[LLVMdev] Illegal Optimization(?): Combining empty type instances

Chris Lattner sabre at nondot.org
Tue Nov 1 16:01:01 PST 2005


On Tue, 1 Nov 2005, Evan Jones wrote:
> I think I may have found an illegal optimization in LLVM. The problem is that 
> if you have an empty type LLVM optimizes it away so it produces weird 
> results. The assembler output from llvm-gcc clearly outputs the "alloca" 
> instructions, so some other pass is removing them. I doubt if any real 
> program relies on this behaviour, and there is a trivial work around. 
> However, my program ran across this problem, so maybe it should be corrected.
>
> The expected output is that all four pointers will be unique and valid. With

Uniqueness is something guaranteed by C++, but not by C.  In C, empty 
structures have size = 0, which gives you funny cases like this.  Consider 
the following:

struct Empty {};
struct Empty Foo[10];

The size of both 'Empty' and 'Foo' are zero, which means that each element 
of Foo is at the same address.

In the C++ world, this sort of thing is explicitly banned: the smallest 
structure you can get with standard C++ is one byte.

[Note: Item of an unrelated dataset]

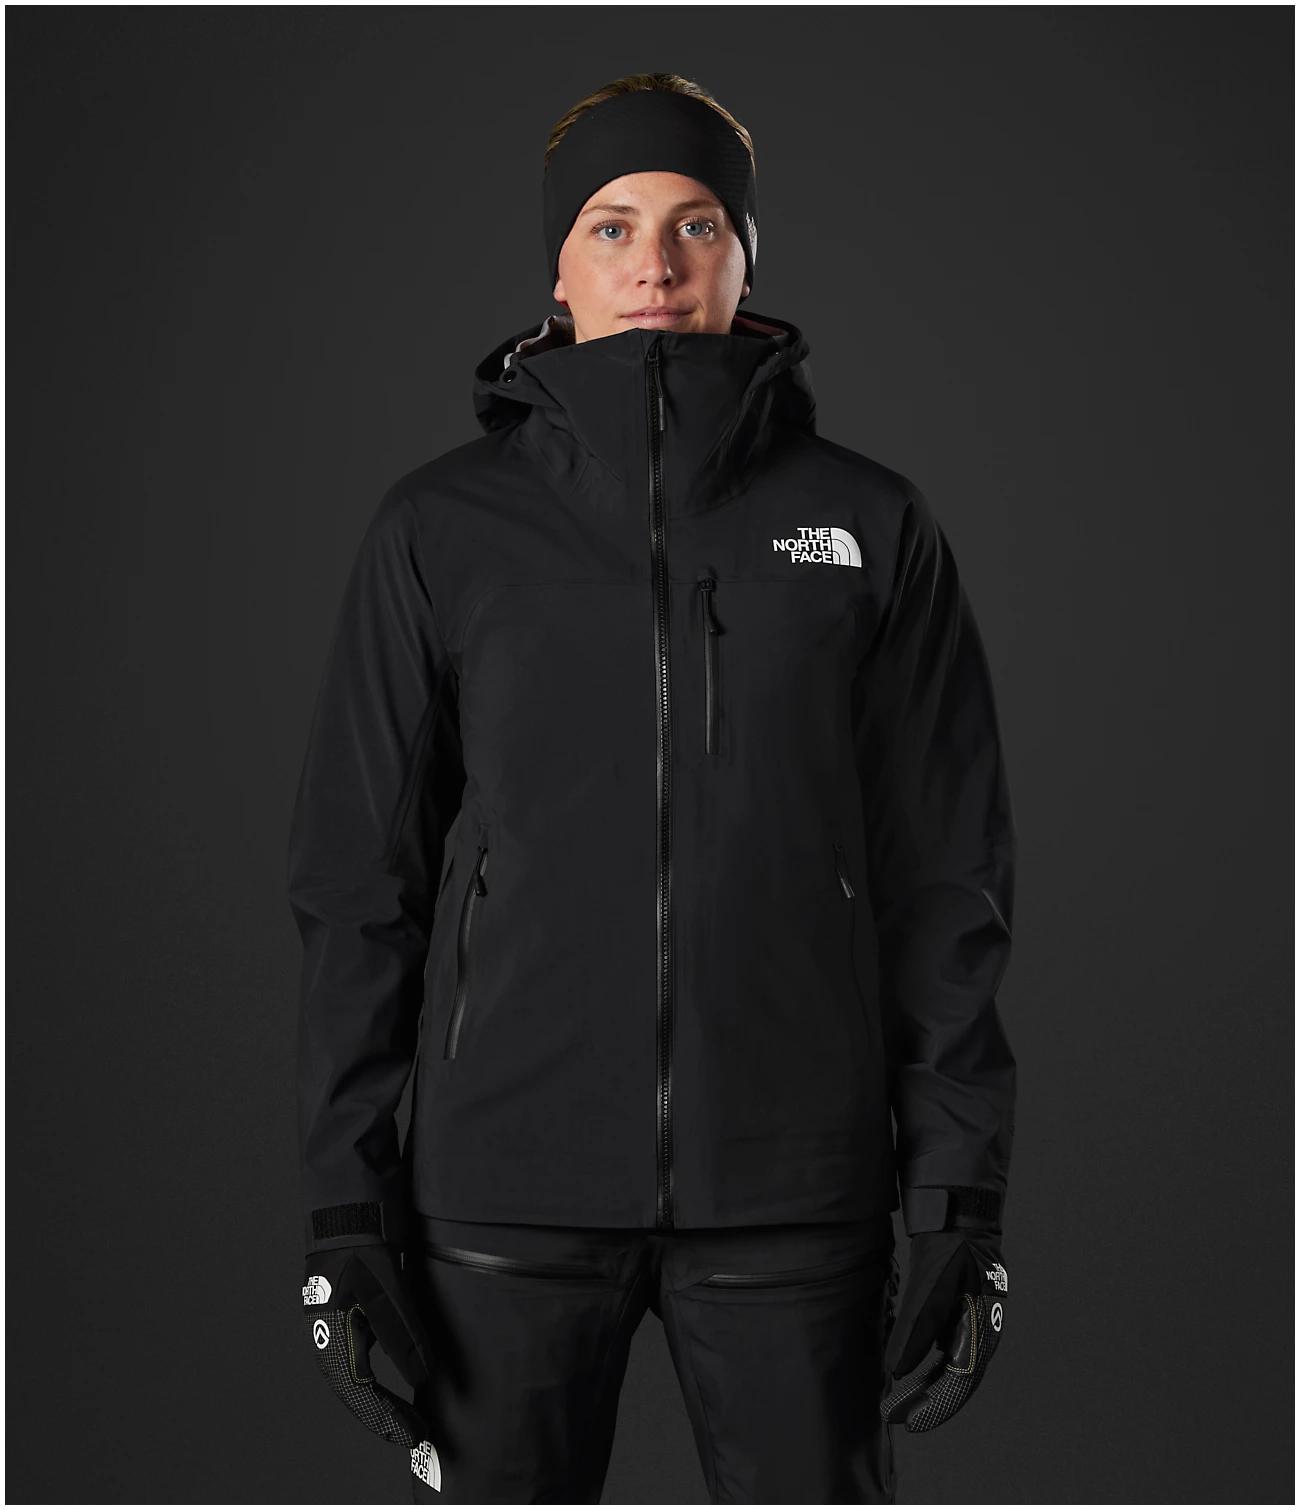 Women’s Summit Series Torre Egger FUTURELIGHT™ Jacket by THE NORTH FACE

> This caused a problem in my program because I was testing if the two 
> addresses were equal, and the test was always returning true. The workaround 
> is to put something in the structure so that LLVM doesn't optimize it away. 
> The question is what does the C standard require?

I believe that LLVM's behavior is correct in this case.

> I'm assuming that GCC is doing the right thing, but I could be wrong.

GCC may well be doing what you expect in this case, but that may just be a 
side effect of it not optimizing as aggressively.